While trying to satisfy both a long withstanding customer request and finally providing a decent mail archive facility to the cocoondev.org users, I have been messing around with MHonArc and Hypermail for most of the day. MHonArc is a Perl mbox-to-webpages script, which is packaged with Namazu (a lightweight full-text indexer) under the denomination of mharc. While the idea of integrating 'make' and these other two tools into one neat little package sure must appeal to some hacker's minds, I found the setup on a box where I don't have full root access to be daunting and full of surprises, like Perl @INC paths mess-ups, native-code cgi-bin scripts that bomb without
any meaningful error message - it made made me almost look forward to set up Eyebrowse instead. Eyebrowse wasn't an option, however, since I needed per-list archive access control settings, and that didn't seem possible upon my first inspection.
Since I wanted static HTML pages (for full-text searching, to be done later on, and simple .htaccess-based authorization), I figured I should go for the low-key approach of Hypermail. After carefully massaging my ezmlm archive dirs into mbox files, and translating these manually to HTML pages with hypermail, I went for the task of triggering automated archiving for new mails - procmail coming to the rescue!

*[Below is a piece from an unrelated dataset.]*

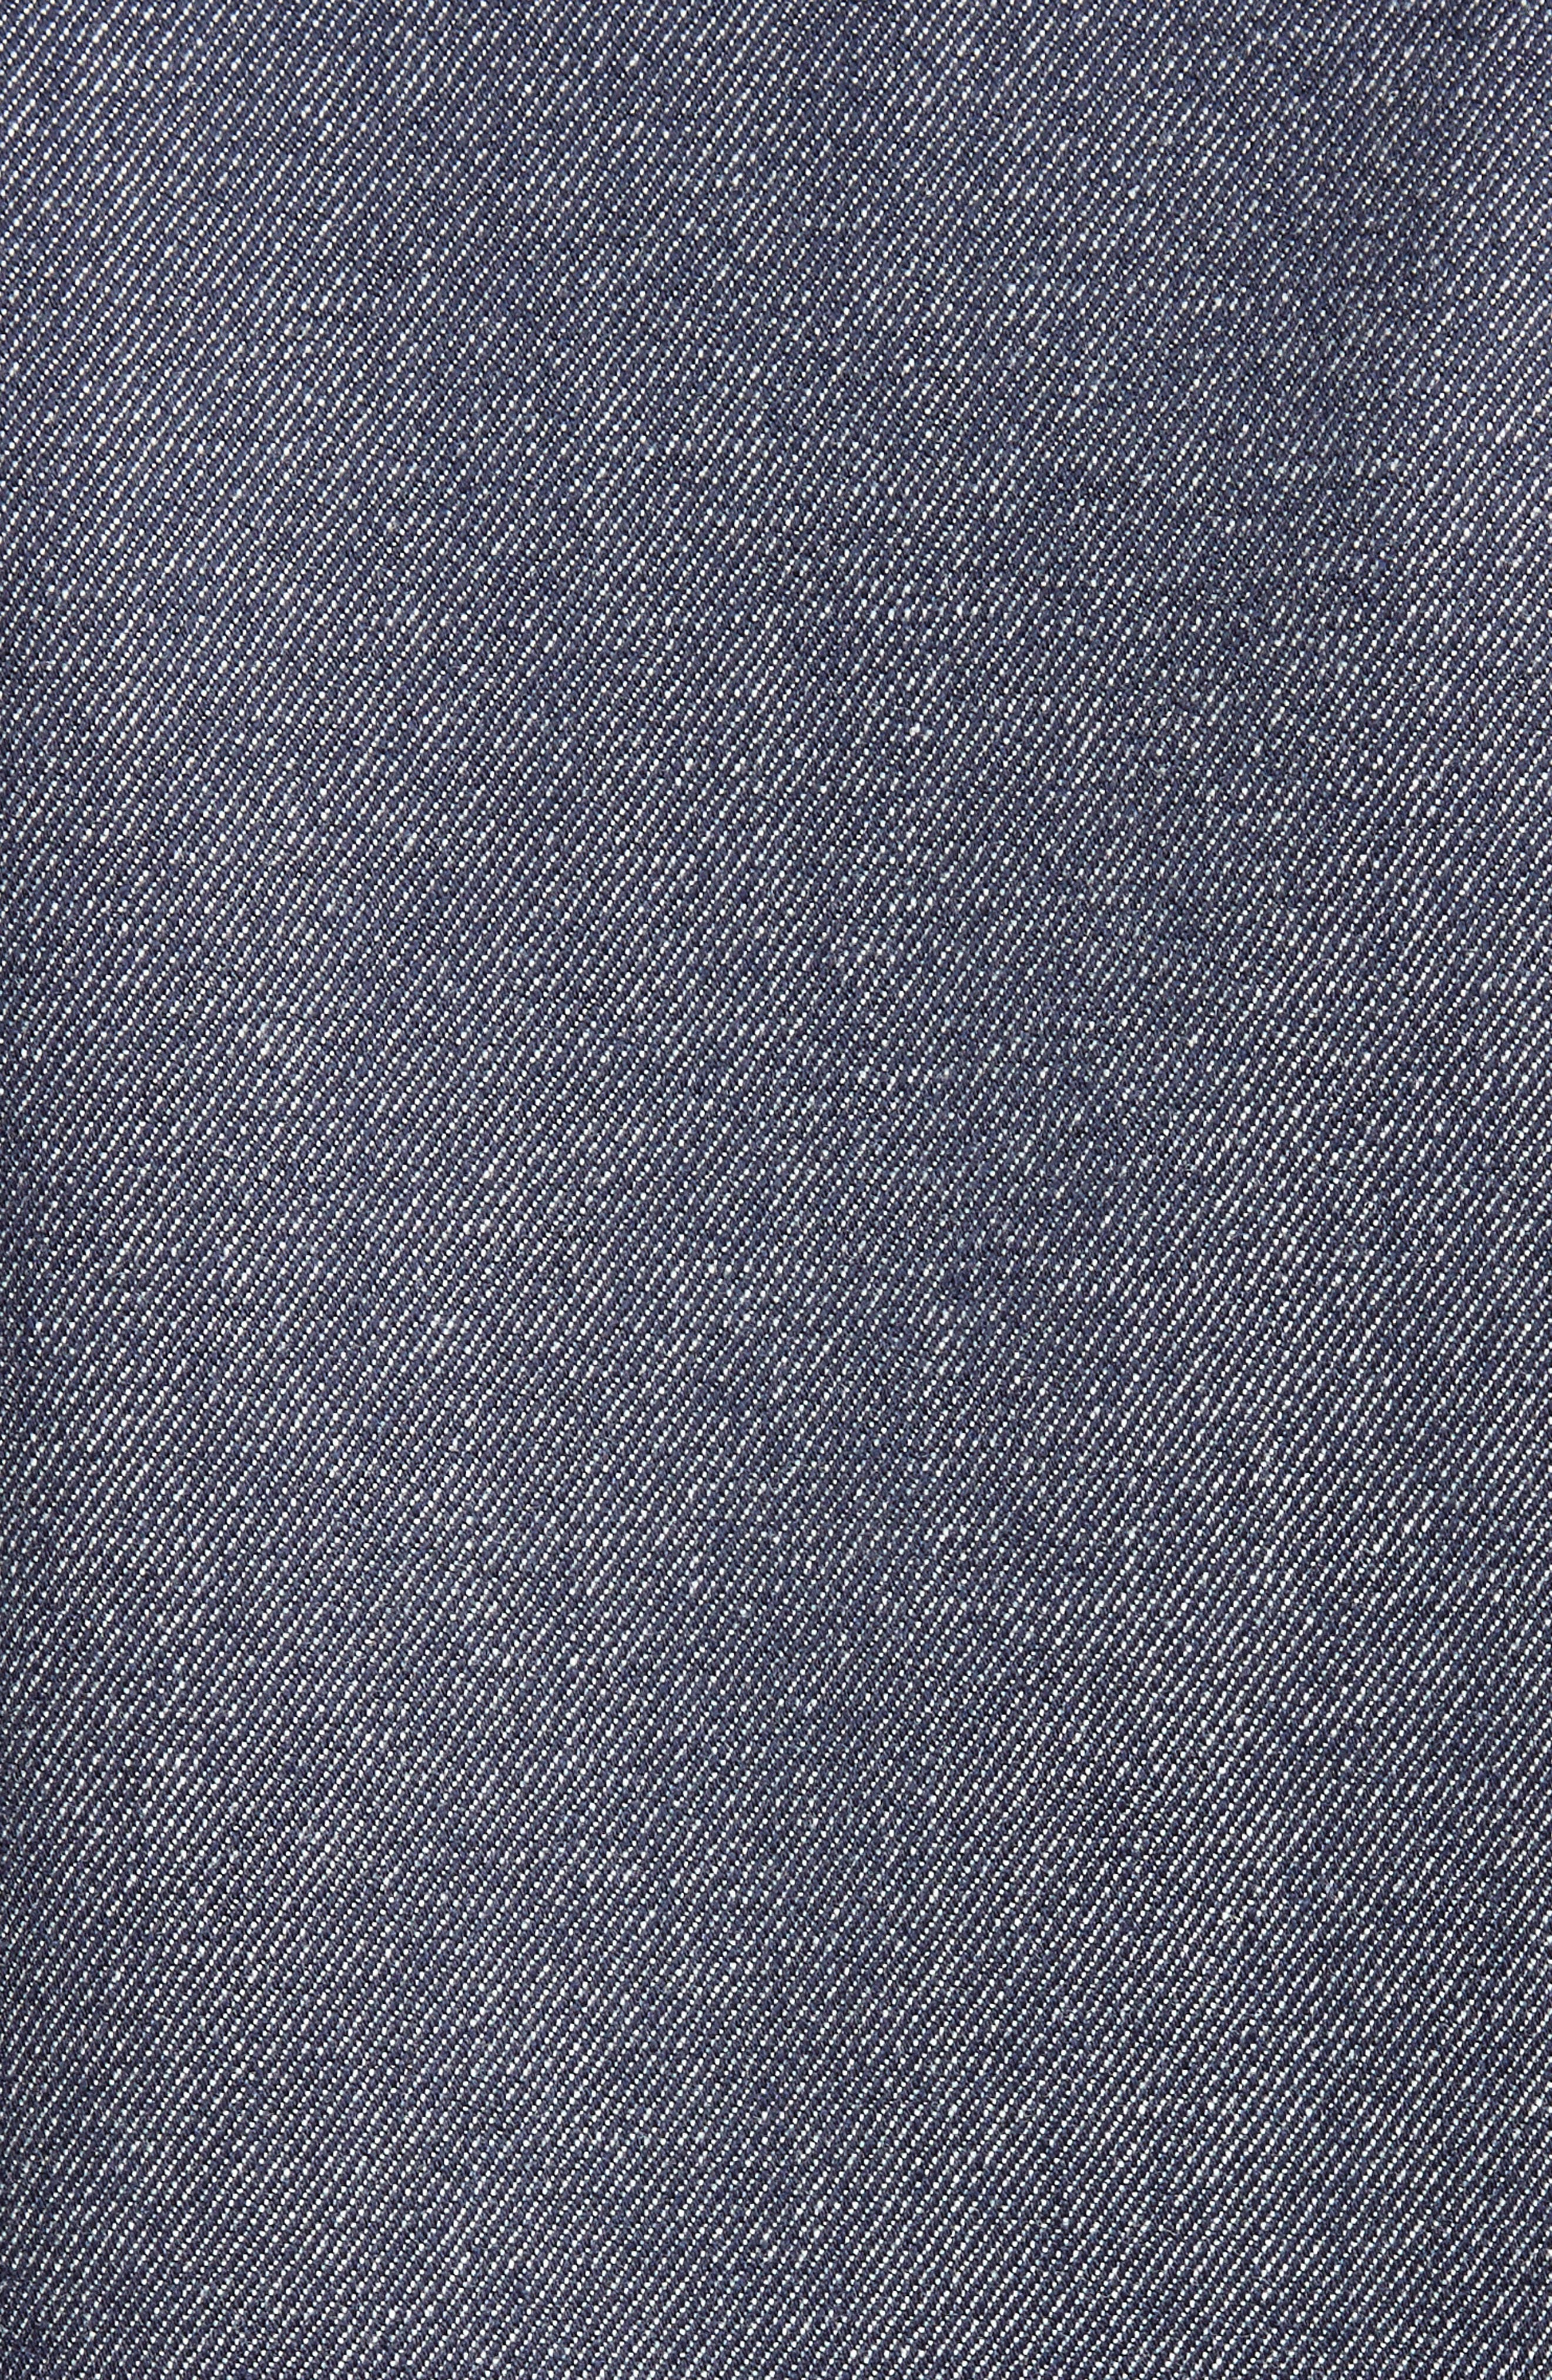 Raid Virgin Wool Tunic,                             Alternate thumbnail 5, color,

Alas, no. I'm stuck with a test mailbox with contains 8 messages, of which hypermail correctly identifies the number of messages, but generates only four pages. So who's the culprit now? Procmail? Hypermail?
Sigh. UNIX sysadmin skills - it's just a world full of creepy little bastard tools with a gazillion switches and settings - outings of their creators sadistic tendencies.
Update: well, I learned a lot about email message headers, ezmlm and how Hypermail handles X-No-Archive headers (correctly, that is). Now onto adding some full-text search facility. Fun, fun, fun.
The first morning of this year
Snow in Belgium.
Been playing cards and drinking wine until 4AM with beloved friends who are leaving on the 4th for 7.5 months of world travel.
(Almost-not-baby-anymore) daughter slept peacefully, until 8:15. Ouch.
Watched and translated/explained the second half of the LOTR Two Towers DVD with the boys. Saw the third movie in the theatre some days ago. Enjoyed this and that.
Wished my wife to remember not to forget thinking about herself once in a while. She wished me self-confidence. I guess we both silently prayed this year won't be plagued by medical conditions like last year.
Can't wish much about my children. They're the finest crew around. May they be happy in what they do, and loved by the people they encounter.
I wish you the same as I wish myself: the time and willingness to enjoy what you are doing and to appreciate the people around you, the strength to stay true to yourself and the surroundings that allow you to do so, and finally a little luck/love/laughter along the road.
A very happy New Year.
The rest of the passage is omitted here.